Airbnb vs long-term rental in Lisbon, 2026.

Real comparison: Lisbon Airbnb yields, AL licence freeze, occupancy reality, hassle factor vs long-term student tenants. From a property manager running 225 rooms.

Where this stands in May 2026

Lisbon's short-term rental (Alojamento Local, "AL") landscape changed materially in 2024: new AL licences are paused inside historic-centre parishes, existing licences are non-transferable in many cases, and there is active municipal pressure to convert AL flats back into long-term rentals. If you bought a Lisbon flat before 2024 expecting Airbnb-driven yields, the calculus is different now.

This page is the operator's view. We run 225 long-term rooms across 16 parishes, so we have an obvious point of view, but the numbers below come from real Lisbon data and from real landlord conversations over the last 12 months.

Gross yield comparison

For a typical Lisbon 3-bedroom apartment at €450,000 purchase price, central parish:

Short-term (AL / Airbnb) Long-term (student/young pro)
Average daily rate / monthly rent €110 / night €1,500 / month
Occupancy 70% (good operator, central) 94%
Gross annual revenue ~€28,100 ~€16,920
Operating costs (cleaning, supplies, platform fees, utilities) ~€8,400 (30%) ~€600 (5%, mostly minor maintenance)
Net annual revenue (pre-tax) ~€19,700 ~€16,320

On paper Airbnb still wins by ~20% in pure yield in 2026. But that's where it stops being apples-to-apples.

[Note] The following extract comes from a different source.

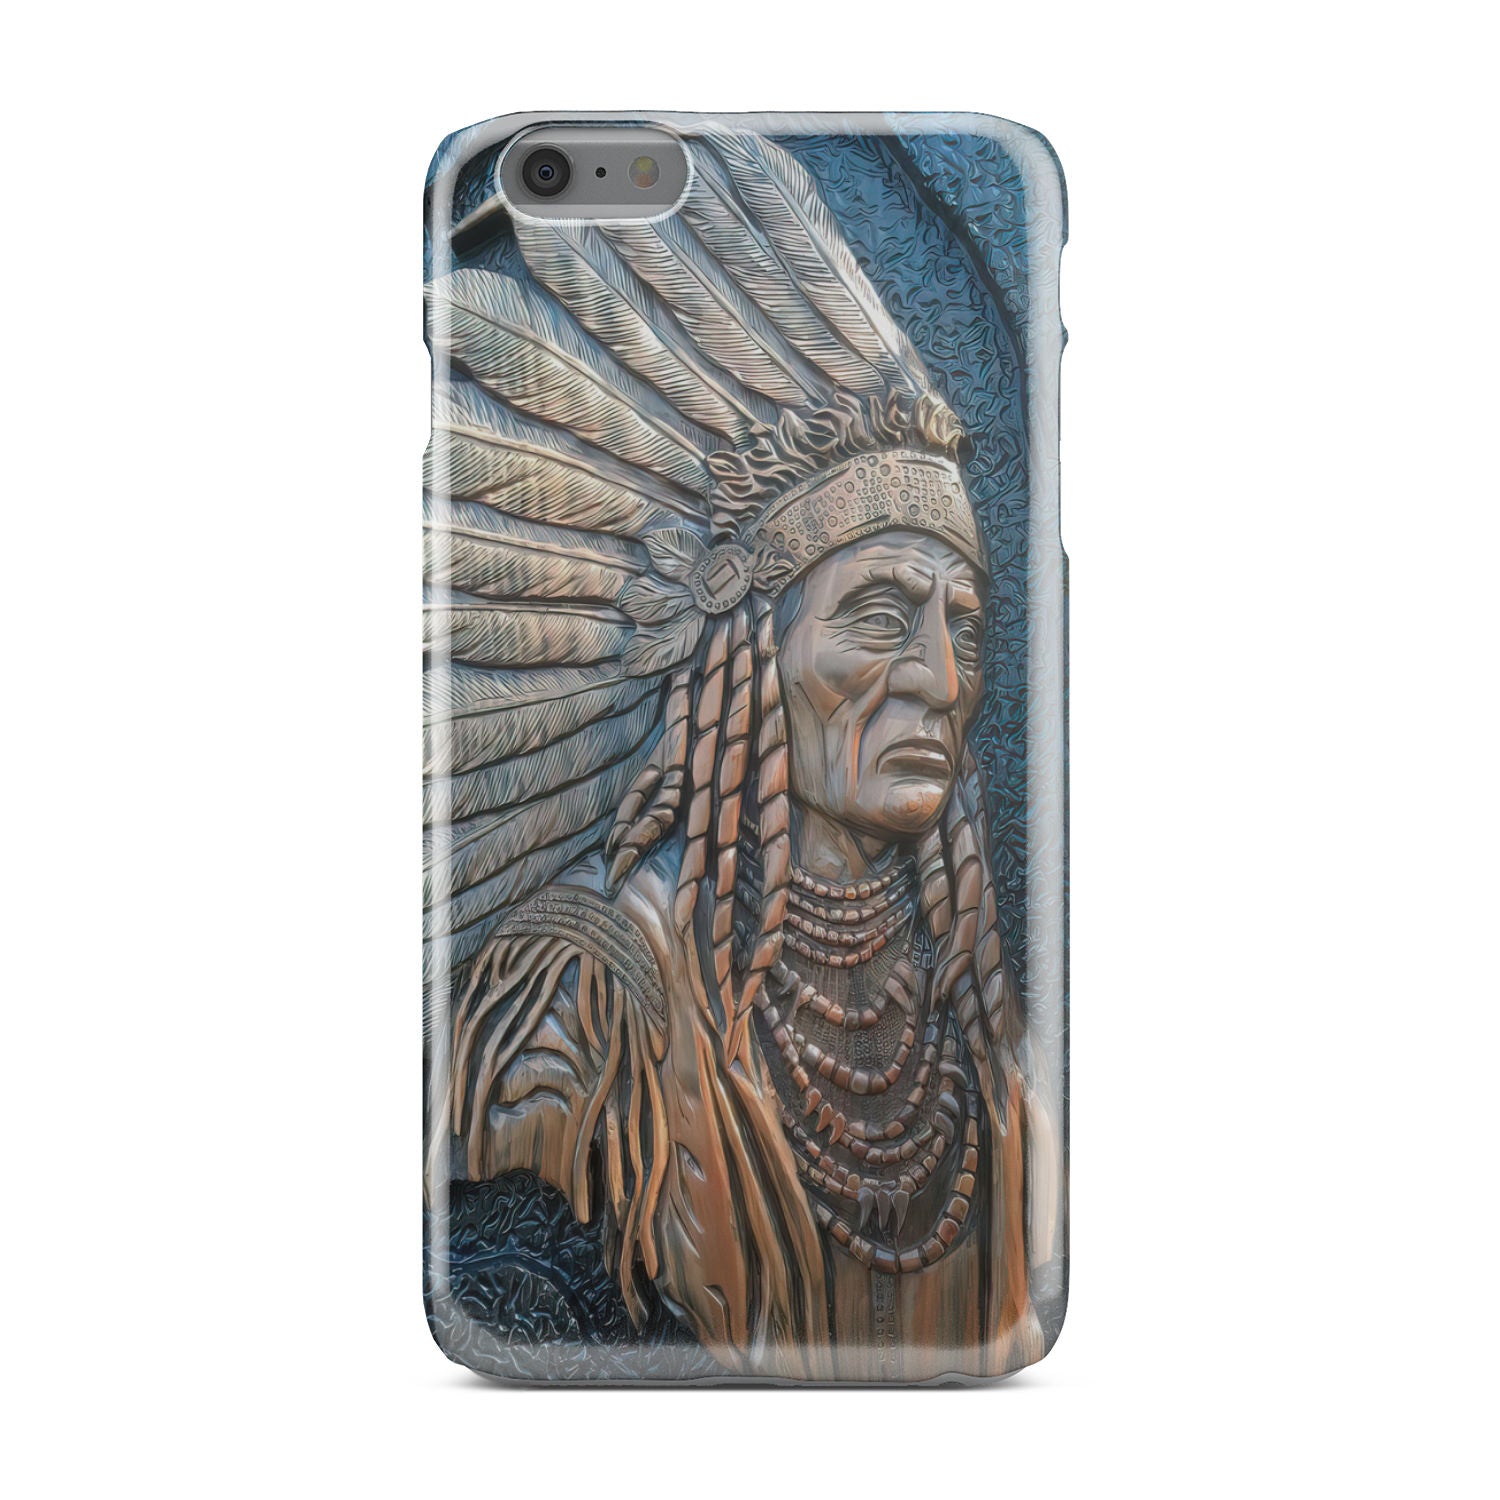 Powwow Storepcs002 native american symbol phone case new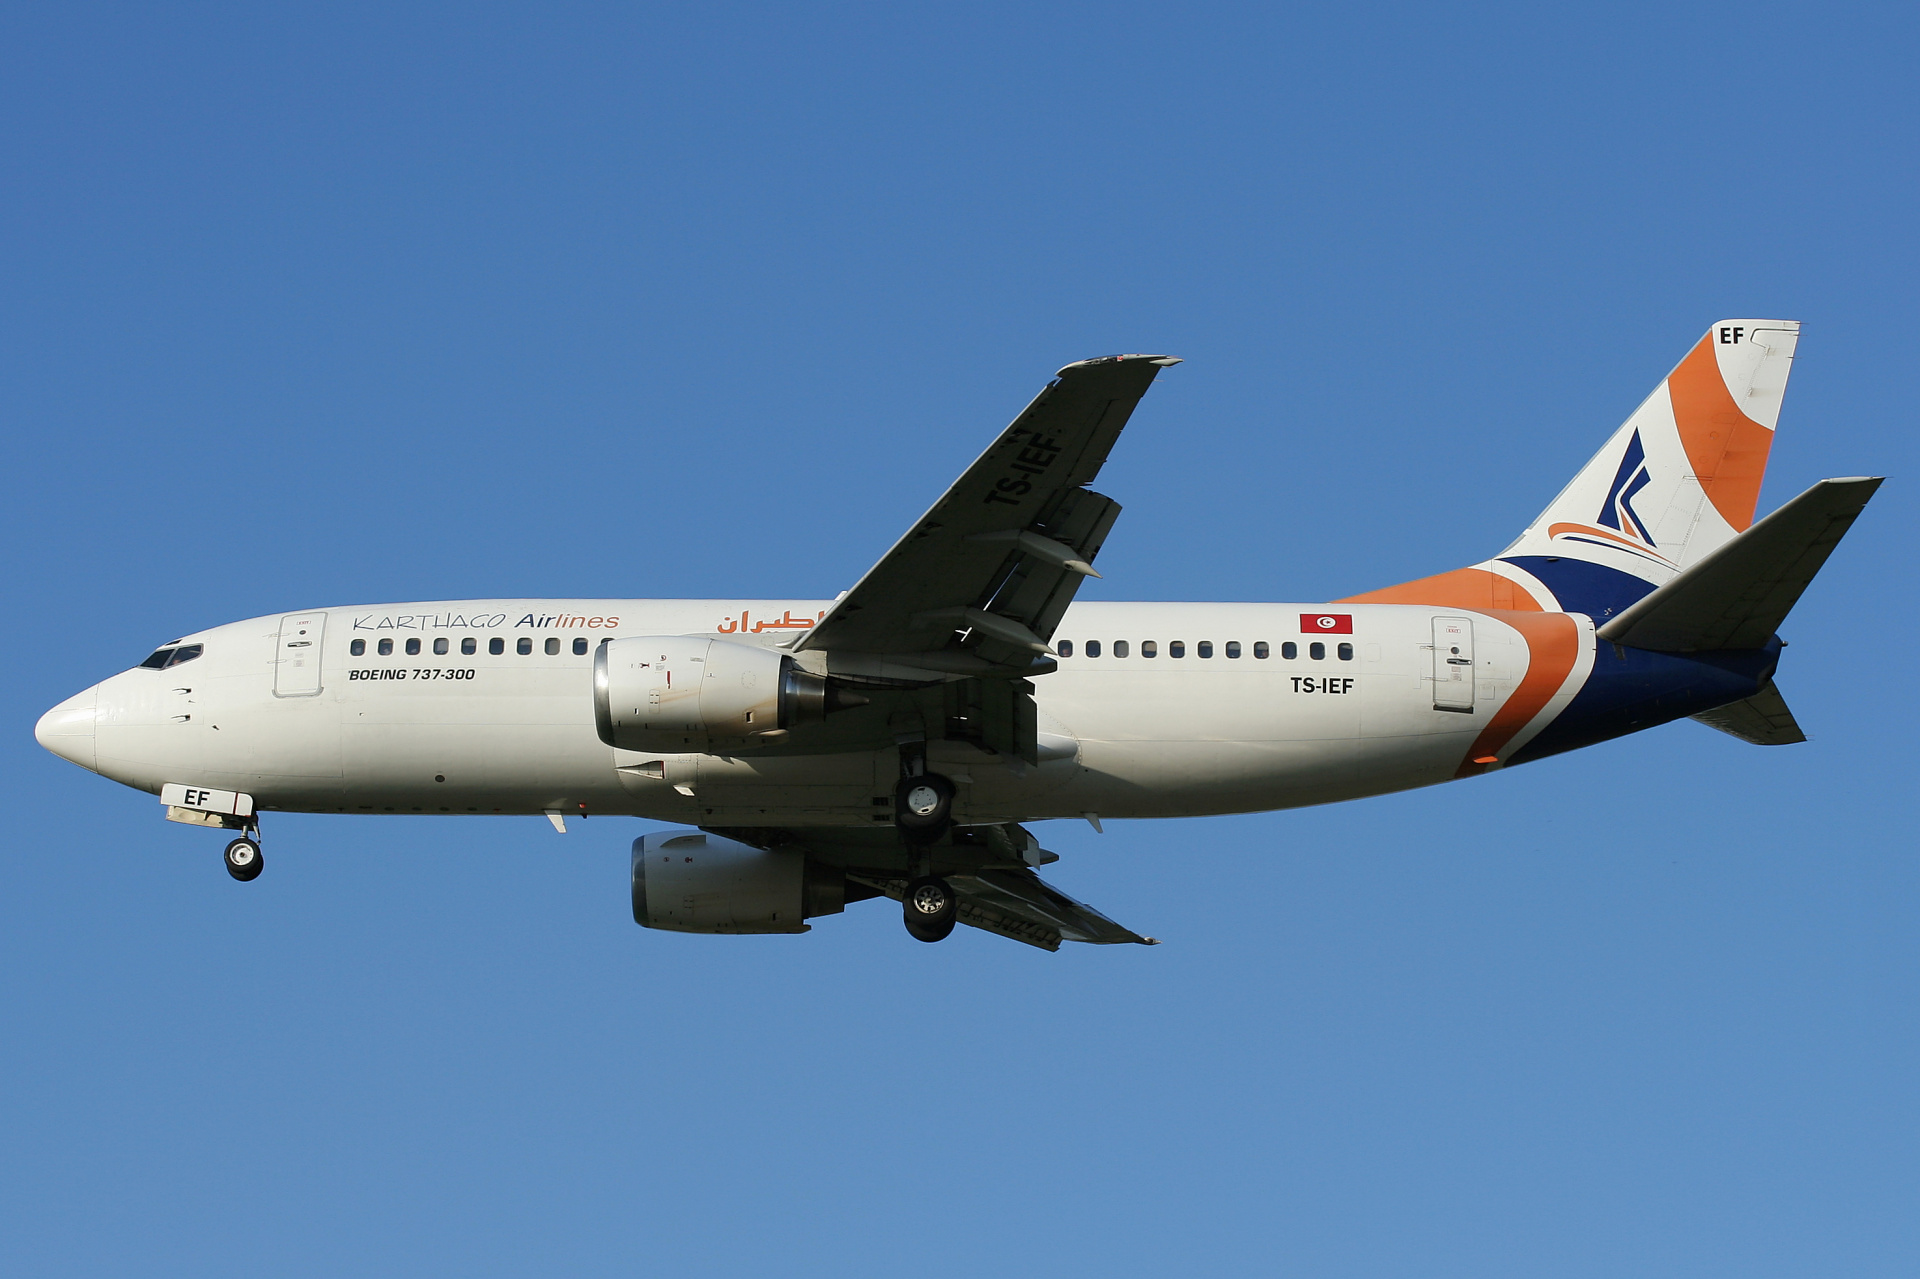 TS-IEF, Karthago Airlines (Aircraft » EPWA Spotting » Boeing 737-300)

What the gross yield ignores

The AL licence problem. New AL licences in Lisbon's "contention zones" (most central parishes) are not being issued. If you don't already have one, you can't legally Airbnb the flat. Existing licences are non-transferable to new owners in many cases — the licence dies with the seller. So the "Airbnb yield" only applies if you already own the licence and the flat together. Long-term rental has no equivalent regulatory risk.

Hassle factor. Short-term means: 30+ check-ins/year, key handovers, reviews, complaints, weekend emergencies, replacing the towels. Long-term student means: one move-in / move-out per year (we handle both), two phone calls. We've had landlords switch to long-term and get back ~6 hours/week of their life.

Vacancy reality. Lisbon Airbnb occupancy varies brutally between high season (Jul-Sep, sometimes 90%+) and low season (Nov-Feb, often 40-50%). Student rental is steady at 94% on a 12-month basis, with the academic year cycle being the dominant factor (you re-let in July/August for September move-in).

Wear and tear. A flat that turns over every 3 nights ages much faster than one that turns over every 12 months. We've seen Airbnb flats need full repaints and kitchen-fixture replacements every 2 years; long-term flats every 5-7.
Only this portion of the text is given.